I happen to know one thread of work on the space-based CH4 detection problem...here is one early publication, from 2011:

https://agupubs.onlinelibrary.wiley.com/doi/full/10.1029/201...

Not sure if the paper is behind a paywall for you, but you can see the xCH4 maps in Figs. 14 and following, on a 30km (1/3 degreee) grid. xCH4 = total air-column concentration of CH4, integrated from ground to top-of-atmosphere. The first author of the above paper, who is remarkably talented, continues to work on this problem all these years later.

The maps you see there average many years of measurements to decrease noise. The signal is there, but you have to average a lot of measurements to extract it, and then your resolution is not helpful for the "real-time-detection" (leak) problem (small spatial/temporal footprint => averaging washes it out).

The xCH4 signal is noisy partly because the CH4 is being measured spectroscopically, so you have to get a (bunch of) very fine slices of spectrum to see the CH4 absorption lines. There just aren't that many photons, and the detectors weren't that efficient.
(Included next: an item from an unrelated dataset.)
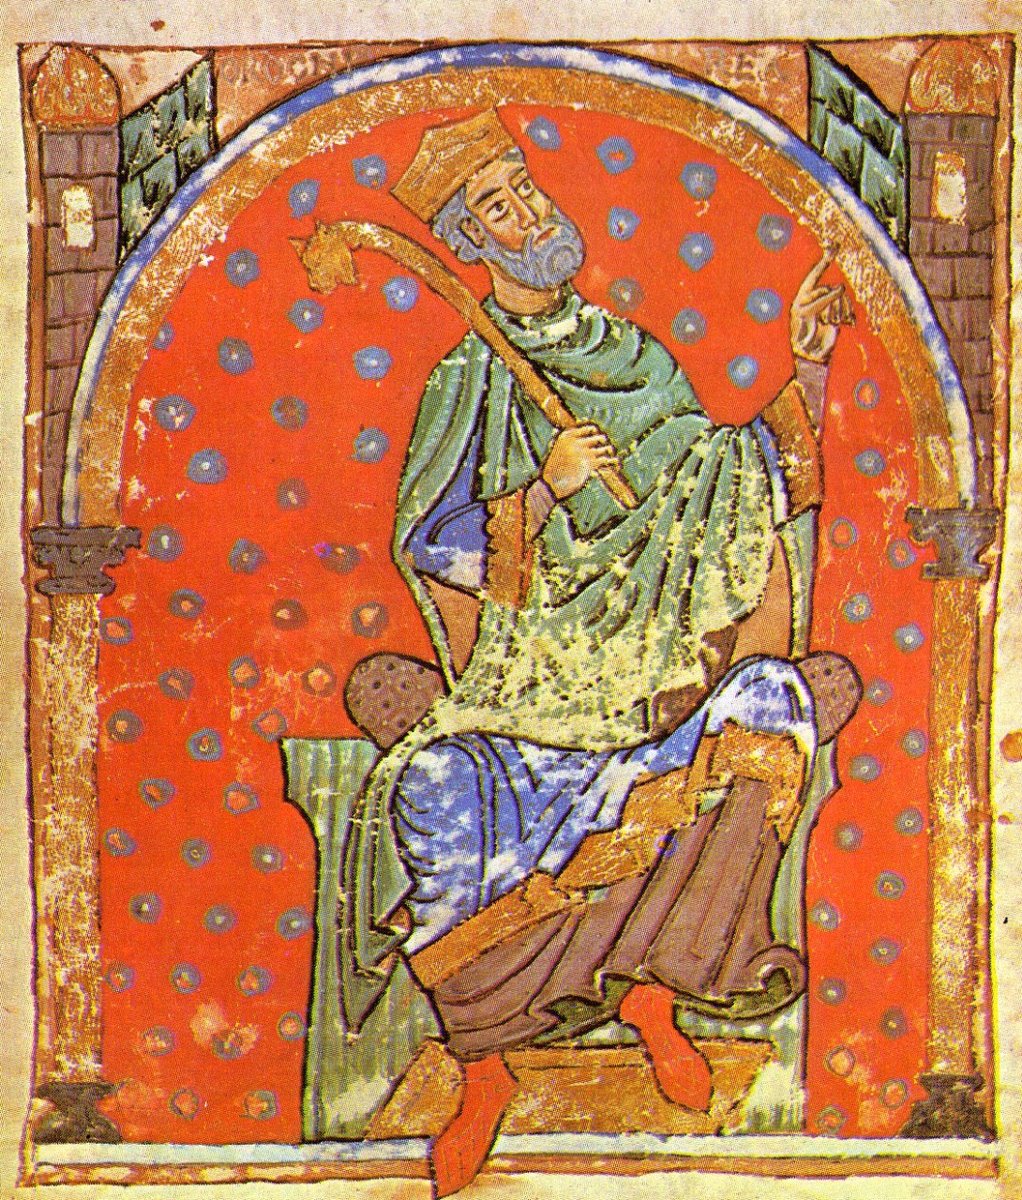 El rey de León Ordoño IV (c. 925-962/963) ha pasado a la Historia con el sobrenombre de 'el Malo' porque así lo denominó el obispo de Oviedo Pelayo en su crónica debido a su incapacidad para hacer frente a sus enemigos y terminar huyendo.

So yes, that's a technological/fabrication problem. Lots of people have worked to improve spectroscopic detectors over the meantime.

Additionally, you have to disambiguate the CH4 signal from others that are much more impactful on spectra, like H2O vapor and CO2. You end up with a nonlinear inversion problem ("fiddle with the gas concentrations to optimize the fit of an atmospheric radiative transfer model to the observed spectrum"). This is a technical/modeling and algorithms problem, and again, lots of people have worked to improve models and methods, and on validation that they work.

There has been a succession of instruments of higher capability launched to address this problem (OCO-2 by NASA, Tropomi by ESA as seen in OP). Usually you fly them in planes (https://avirisng.jpl.nasa.gov) and move them to space as they are shown to work.

And also a succession of very impactful papers in PNAS, Science, and Nature that discuss advances. And there will be more.


need somebody with money. oil and gas companies are certainly interested in not paying for this.